Exercise description
From the first line to the last, restate the material word for word, omitting pictures.

Material provided
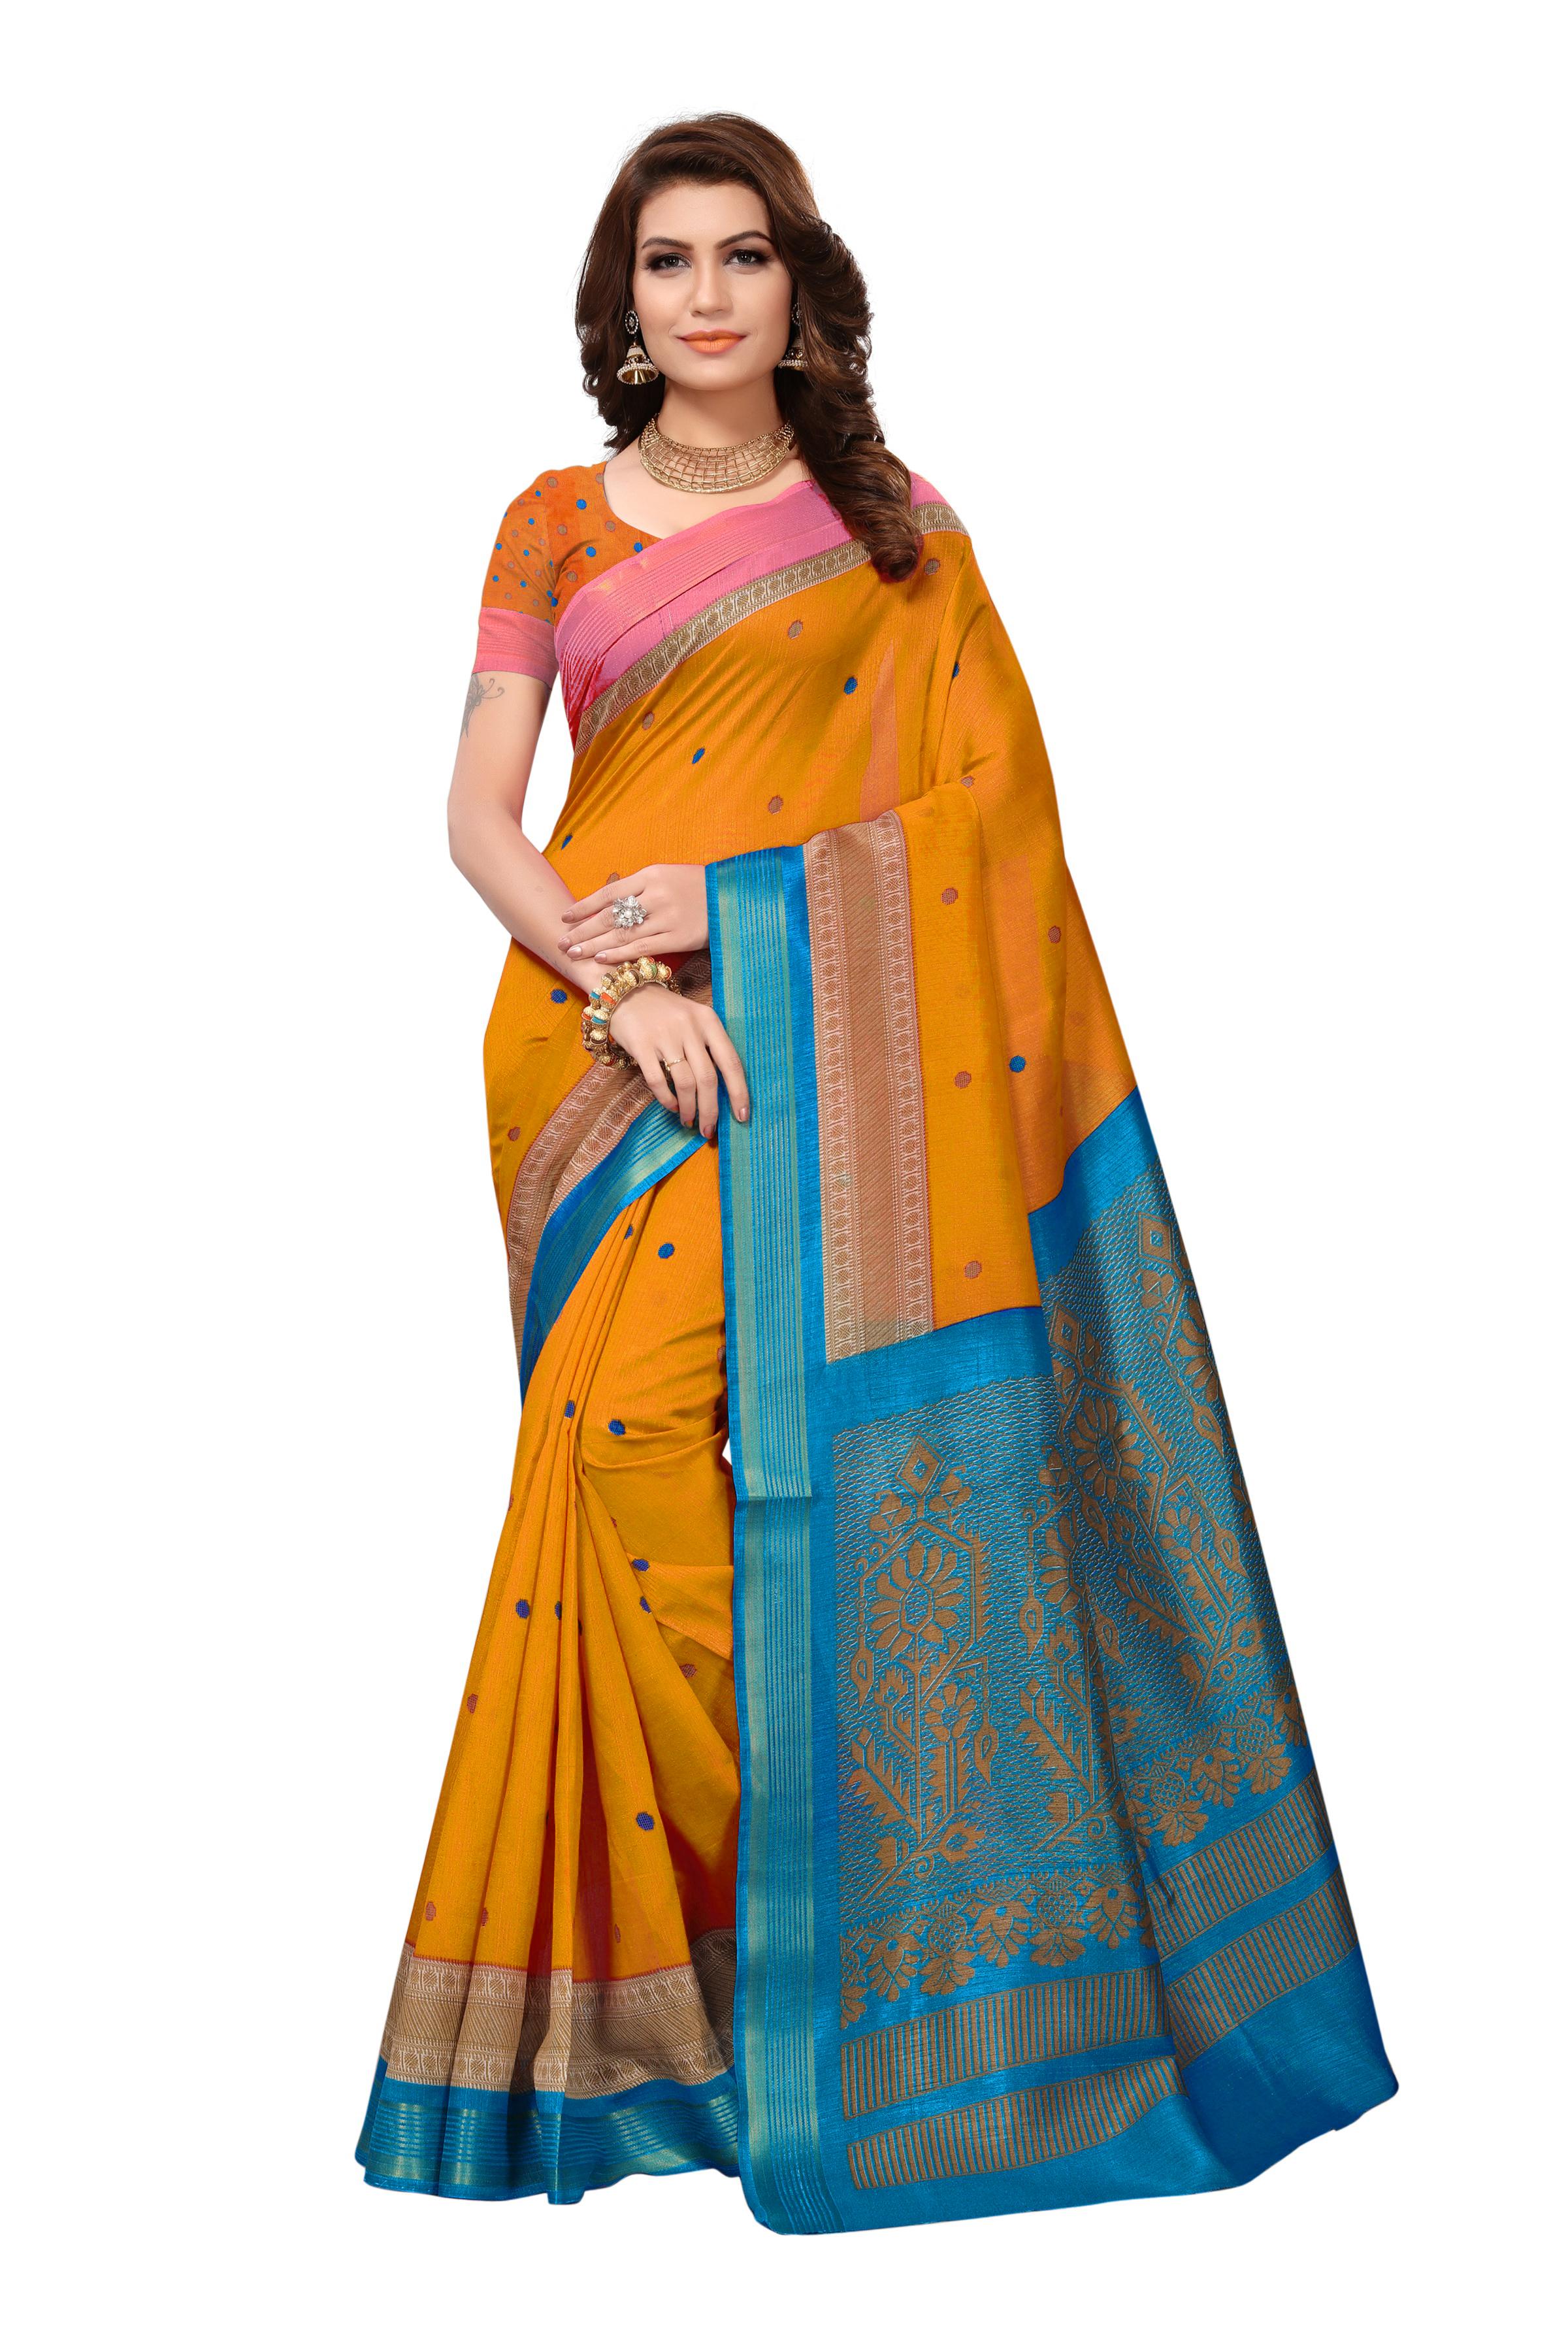 Vasundra silk saree
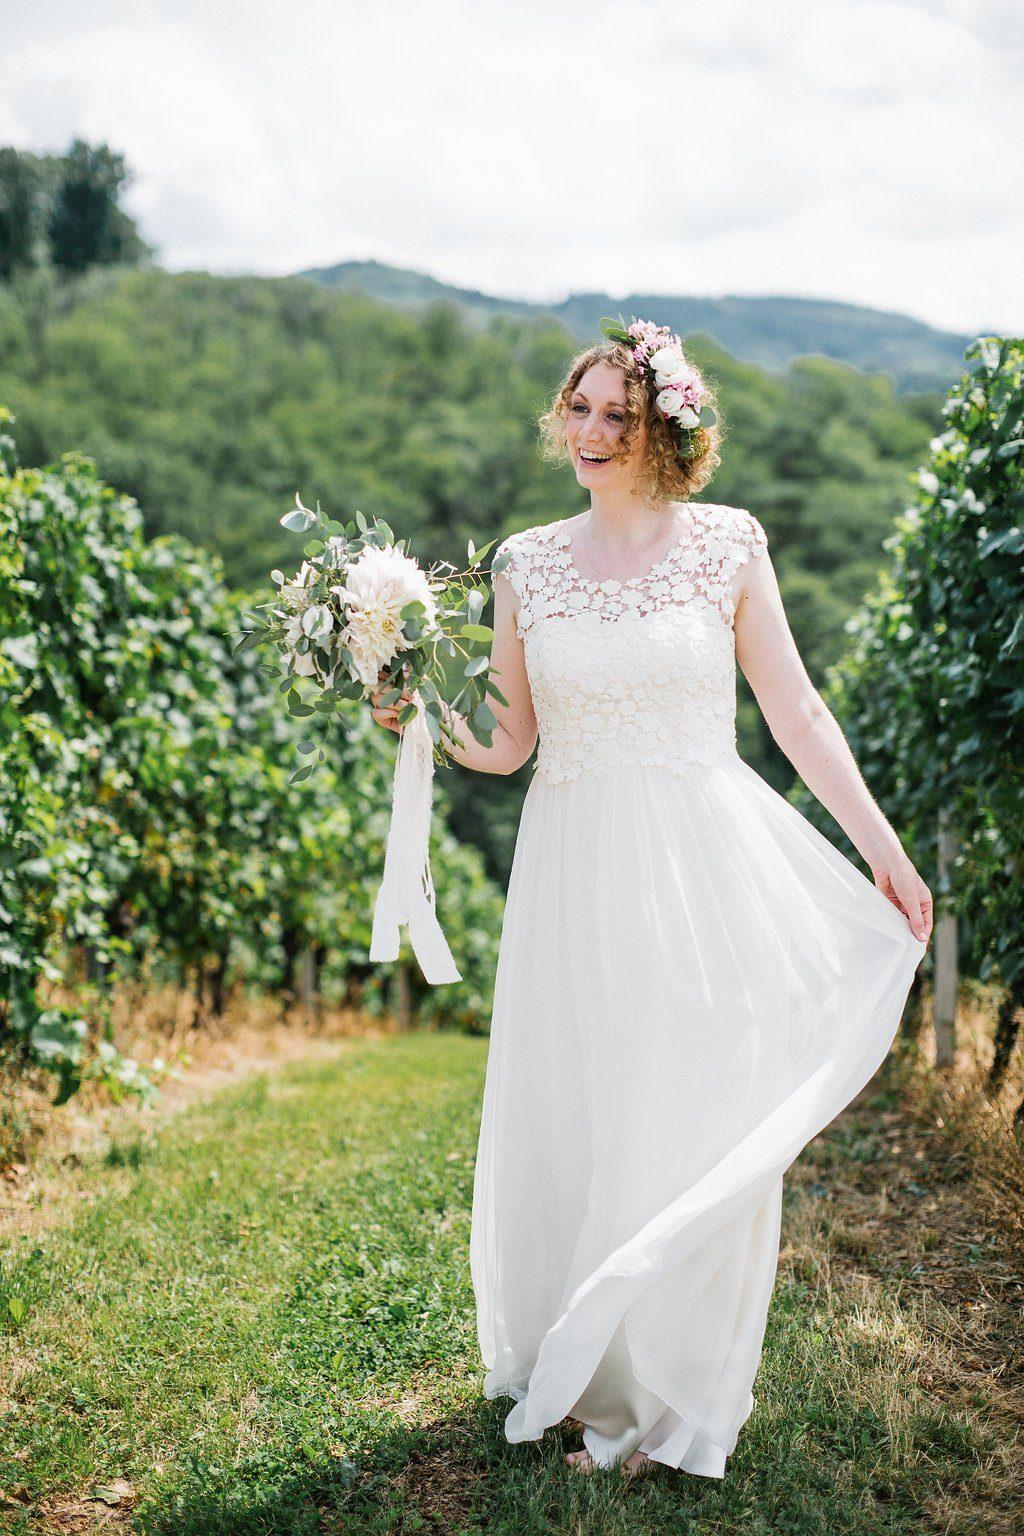 Kisui Brautkleid mit Spitze
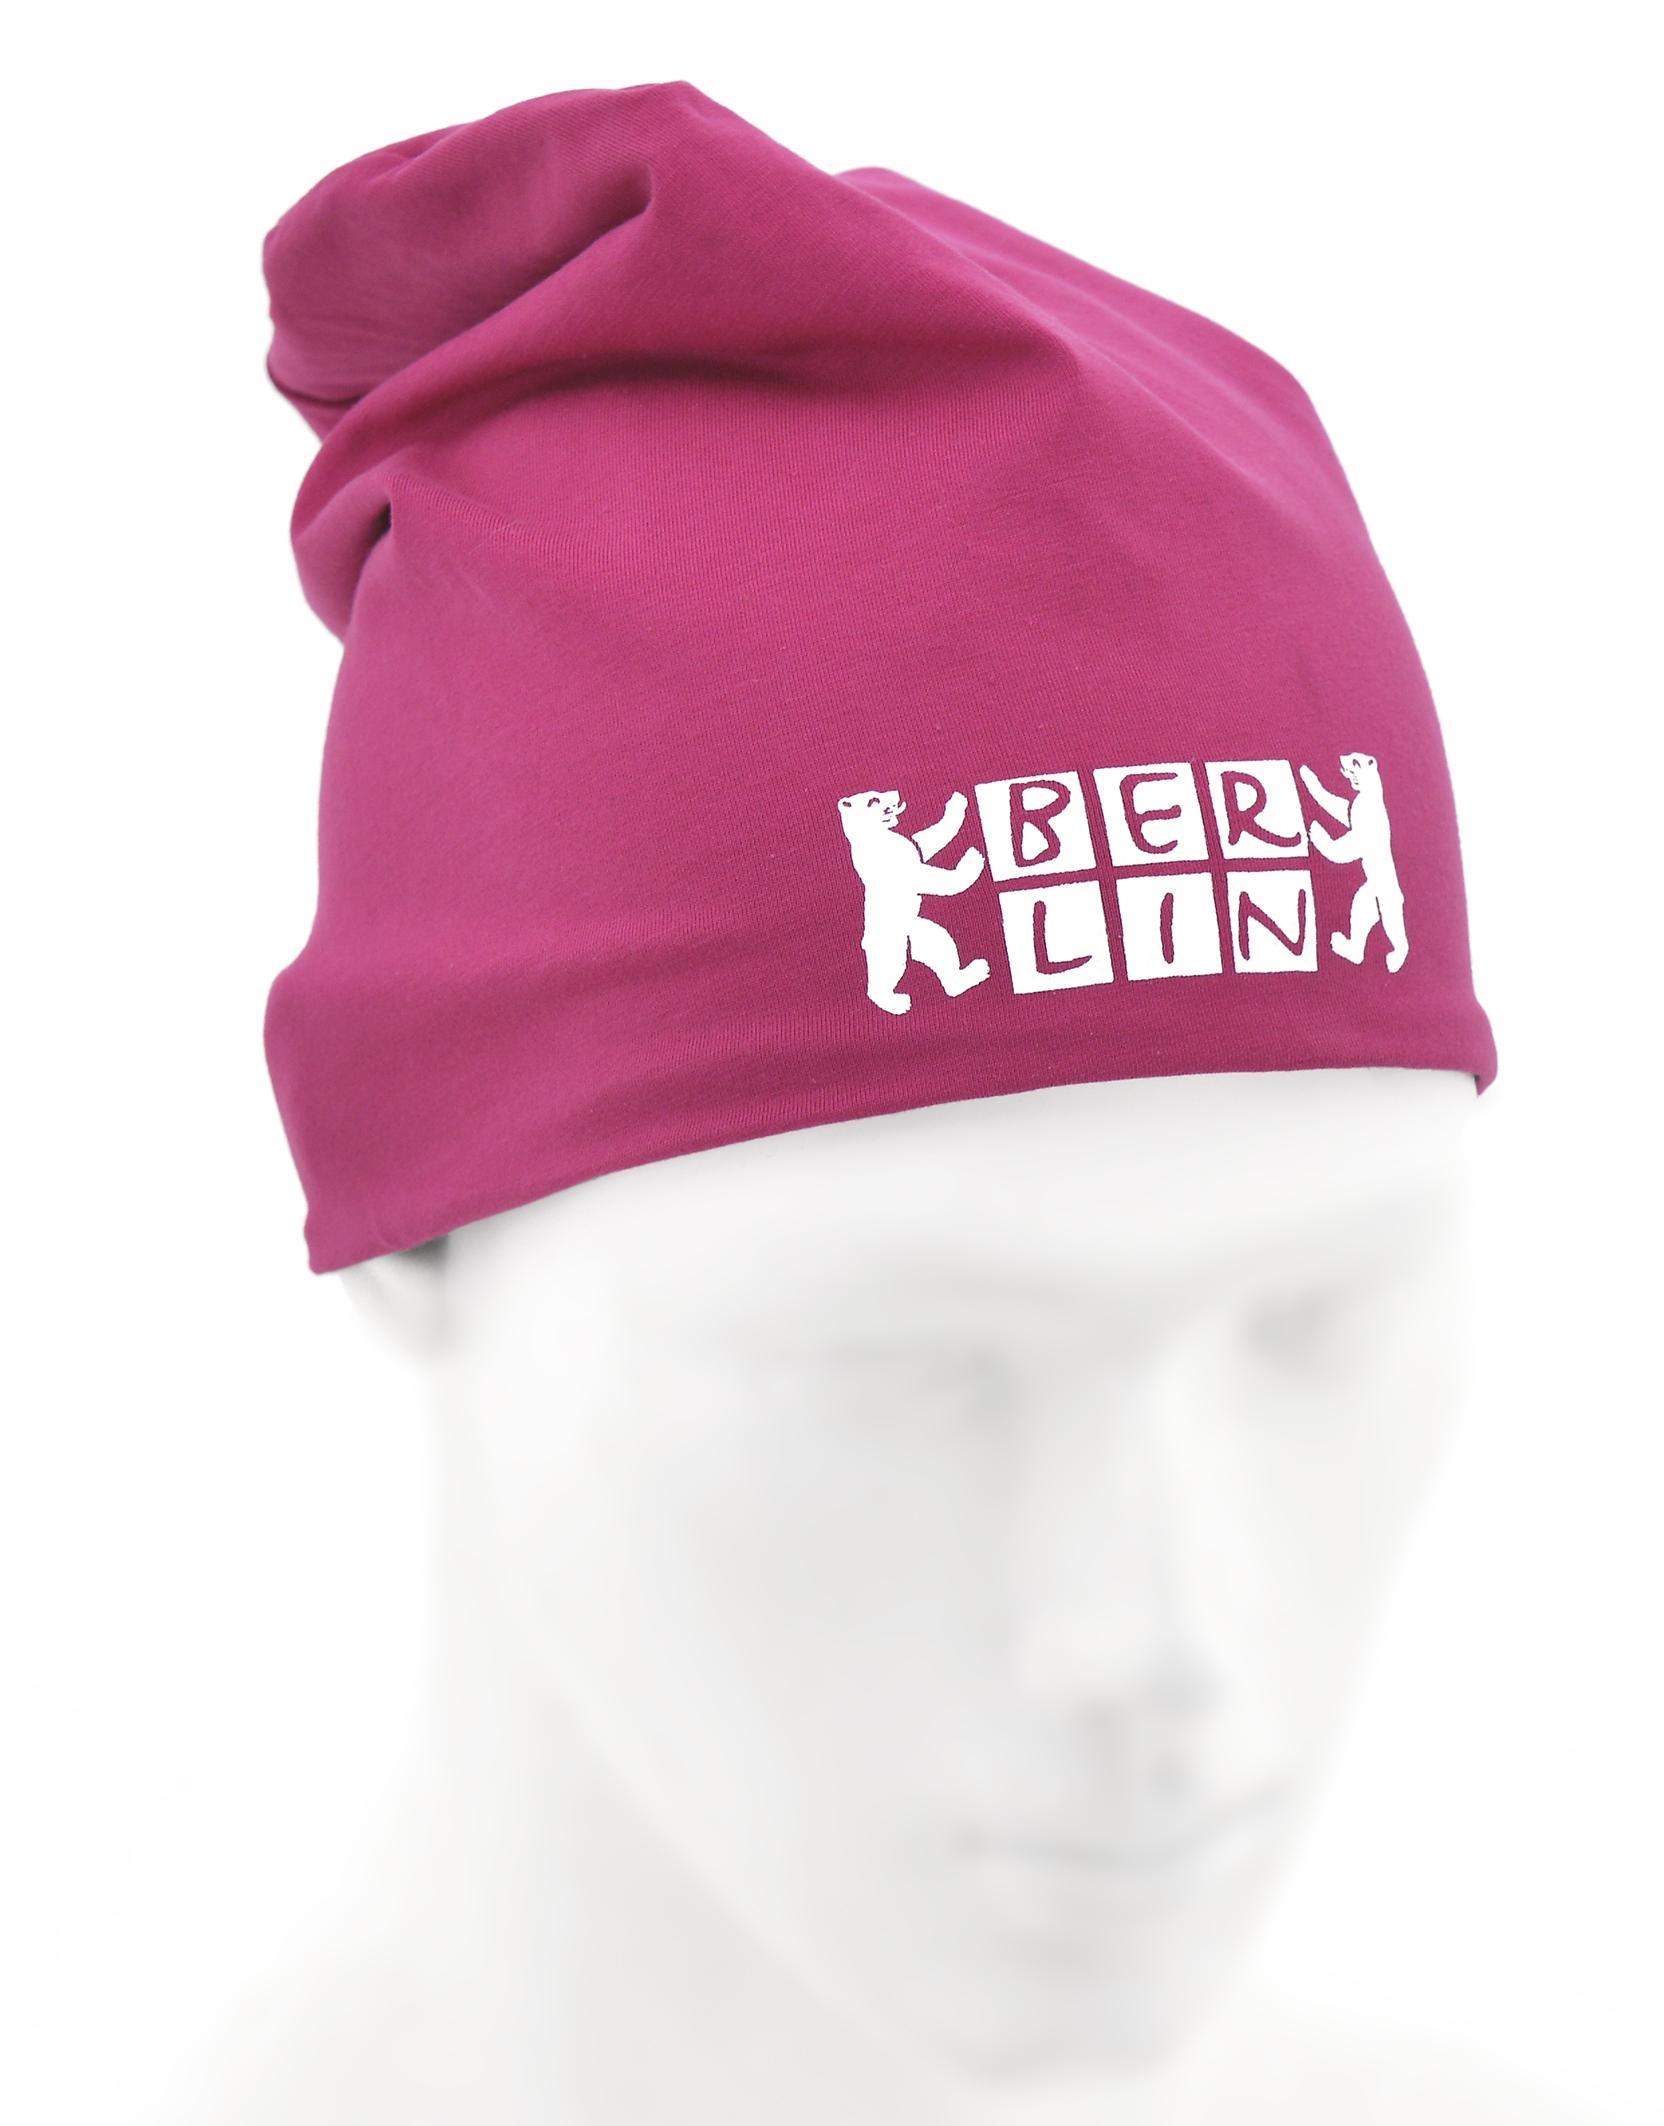 Wendemütze BERLIN Bär  grau/pink

Answer
 Vasundra silk saree
 Kisui Brautkleid mit Spitze
 Wendemütze BERLIN Bär  grau/pink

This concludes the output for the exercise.